Xiaojian Gu, Founder, HotMaxx (right); Jiangyun Jin, Managing Director, 5Y Capital (left)
Offline retail is genuinely difficult. There's a prevailing assumption that under e-commerce's price wars, offline retail is struggling to keep up. But flip the perspective: what do consumers actually care about? Consumers don't think in channels — they just want to buy what they need more cheaply. Online and offline are simply options.
I don't think offline retail is finished. The real question is how offline retail can work, how to create clearer value for consumers. Overseas retail has evolved over seven or eight decades, building strong supply-chain moats that online can't replace. China's offline retail faces a much tougher environment, but if you can create distinctly clear and unique value under this pressure, you may capture the market in an entirely new form.

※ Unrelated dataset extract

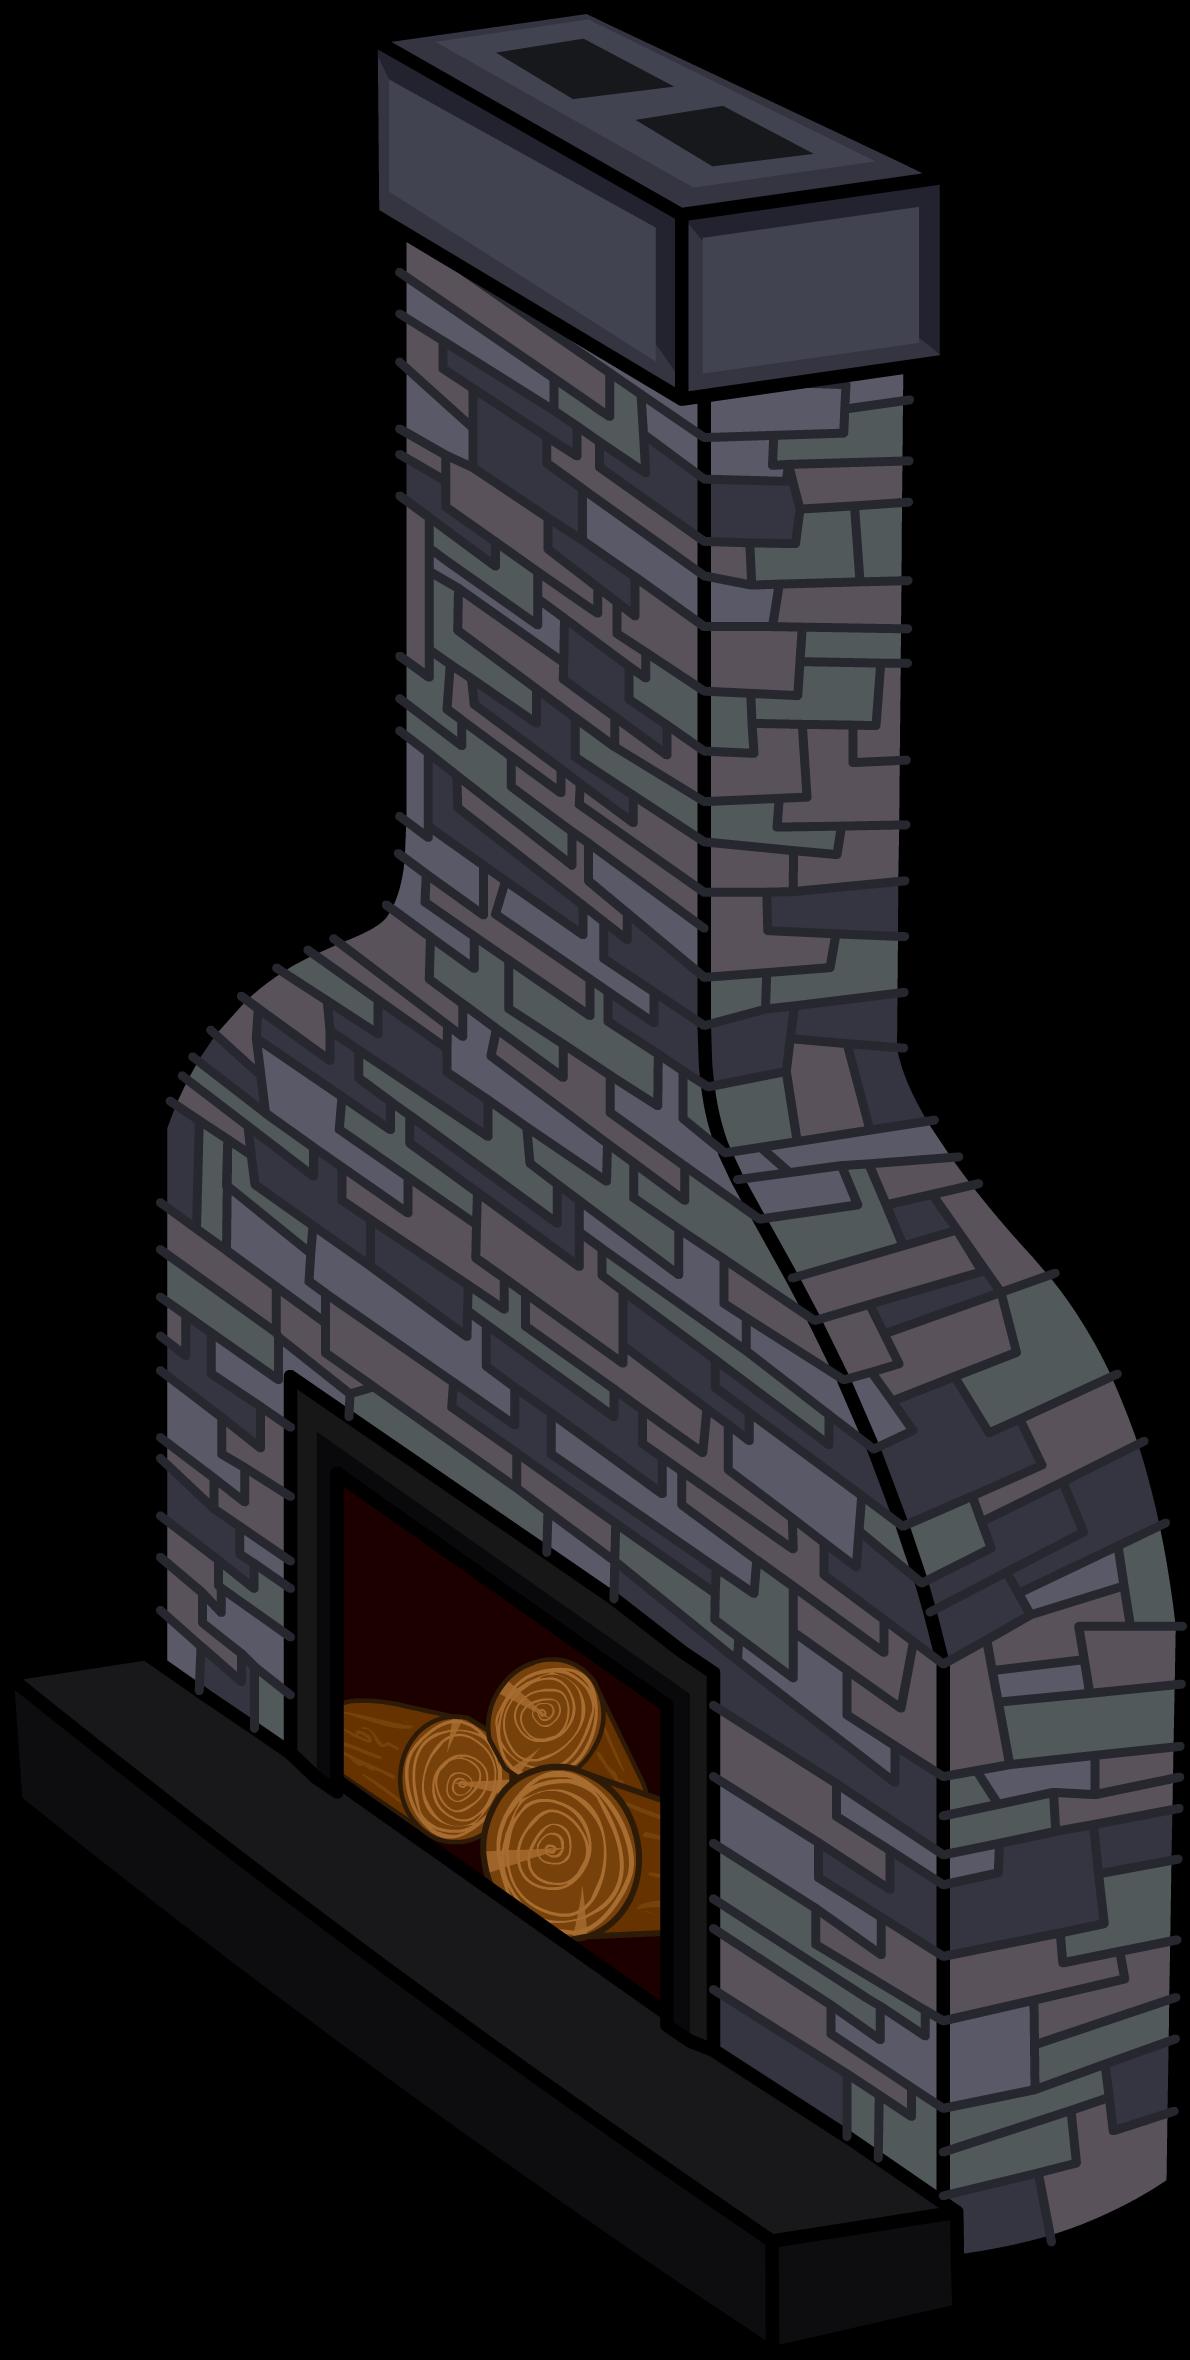 image cozy fireplace sprite 009 png club penguin wiki fandom

— Xiaojian Gu, Founder, HotMaxx
We want to open our home on the street.

From left: Ye Yuan, Partner, 5Y Capital; Qianfei Liu, Founder and CEO, Zhuben; Yang Kang, Founder and CEO, On the Road
We hope On the Road can provide a credit system for human connection. Alipay and DiDi are essentially doing this too, but we want to build a credit system at the level of mindset and trust. People come here not for the products we sell, but for the small innovations that let them feel safe and trusted connecting with strangers. We're not building a practical store, but an intangible presence — a sense of being here, now. No anxiety about the past, no fear of the future, just this moment where you can be yourself.
To achieve this, we draw on family culture. For Chinese people, family culture runs deep for millennia; its power is a multiplier of trust. We want to transform this home into a shared space, privatizing the personal and making it public. We want to open our home on the street, where strangers can walk in and take things as naturally as opening their own refrigerator.
— Yang Kang, Founder and CEO, On the Road
Building a consumer brand comes down to four stages: being seen, being chosen, being liked, being loved.
I stumbled into consumer brand-building with no methodology. Looking back, I think all paths converge on four stages: how you're seen, how you're chosen, how you're liked, and how you're loved. The first three are tactics; only the fourth can't be taught. It depends on your original intention, the sum total of your experiences, your imagination of the future world, and how you project that imagination into reality. How do you find kindred spirits across the vast world and recognize each other? You must be unwavering about this. Forget your investors behind you, forget growth targets, but remember who you are, what value you bring to others, what value you bring to society.